Monument in Kediri Regency, East Java, Indonesia

The Simpang Lima Gumul Monument (Monumen Simpang Lima Gumul) or commonly abbreviated as SLG is a monument at Kediri, East Java in Indonesia. The monument resembles the Arc de Triomphe of Paris, France. Construction of SLG began in 2003 and was inaugurated in 2008. The building is located at Tugurejo, District of Ngasem, Kediri Regency, precisely at the center of the meeting of five roads ("Lima" means five) that lead to Central City of Kediri, District of Pagu, District of Pare, District of Plosoklaten, and District of Pesantren.

Aside from being an icon, SLG is currently also a center of the new economy and trade (Central Business District or CBD) of Kediri Regency.

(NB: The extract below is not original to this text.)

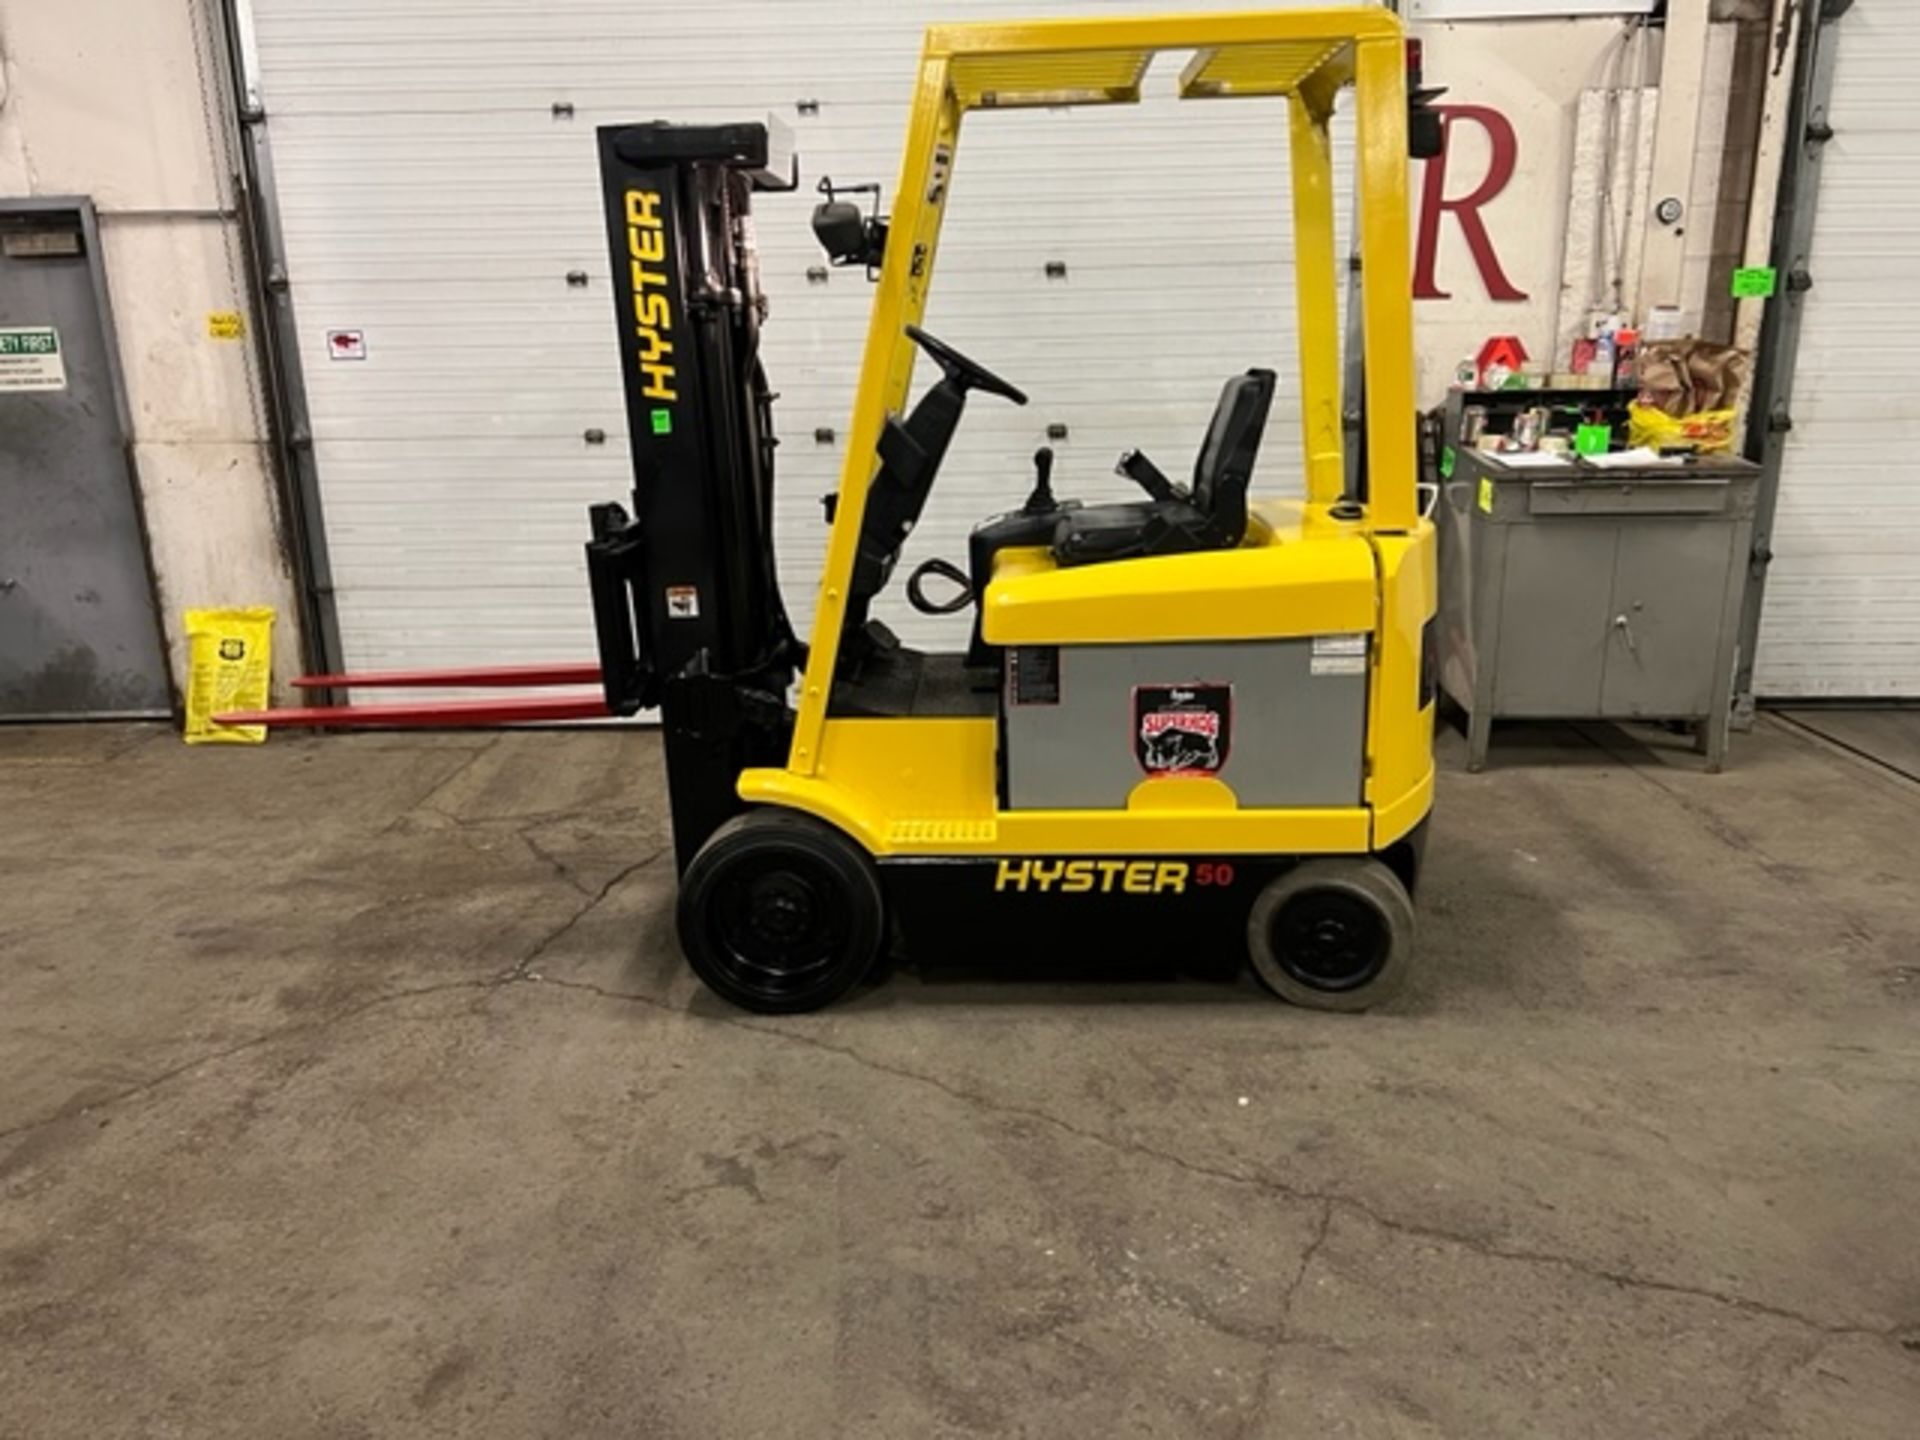 FREE CUSTOMS - MINT Hyster 5,000lbs Capacity Forklift Electric with 3-stage mast with SIDESHIFT

==Building characteristics==
The monument has a land area of 37 hectares. The building of the monument has floor area 804 square meters and a height of 25 meters consisting of 6 floors, and is lined with 3 stairs 3 meters high from the ground floor. The number and height of the monument reflect the date, month and year of the anniversary of Kediri Regency, namely March 25, 804 AD. On the side of the monument carved reliefs that depict the history of Kediri to the arts and culture that exist today.

In one corner of the monument there is a statue (statue) of Ganesha, one of the gods that is widely worshiped by Hindus with the title of the God of Knowledge and Intelligence, the Protector God, the Rejection God, the God of Wisdom.

The Simpang Lima Gumul Monument is located in a strategic area and is equipped with a variety of public facilities, such as convention hall, multipurpose building, regional bank, intercity bus terminal and MPU (General Passenger Car), temporary markets (open at certain times) Saturday and Sunday and recreational facilities such as Gumul Paradise Island Water Park. Inside the monument building there are spaces for meetings in the main building and auditorium in the upper floor which are roof-like (dome) roofed, multipurpose room in the basement (basement), and minimarkets that sell various souvenirs in downstairs. The building also has three underground access roads to go to the monument.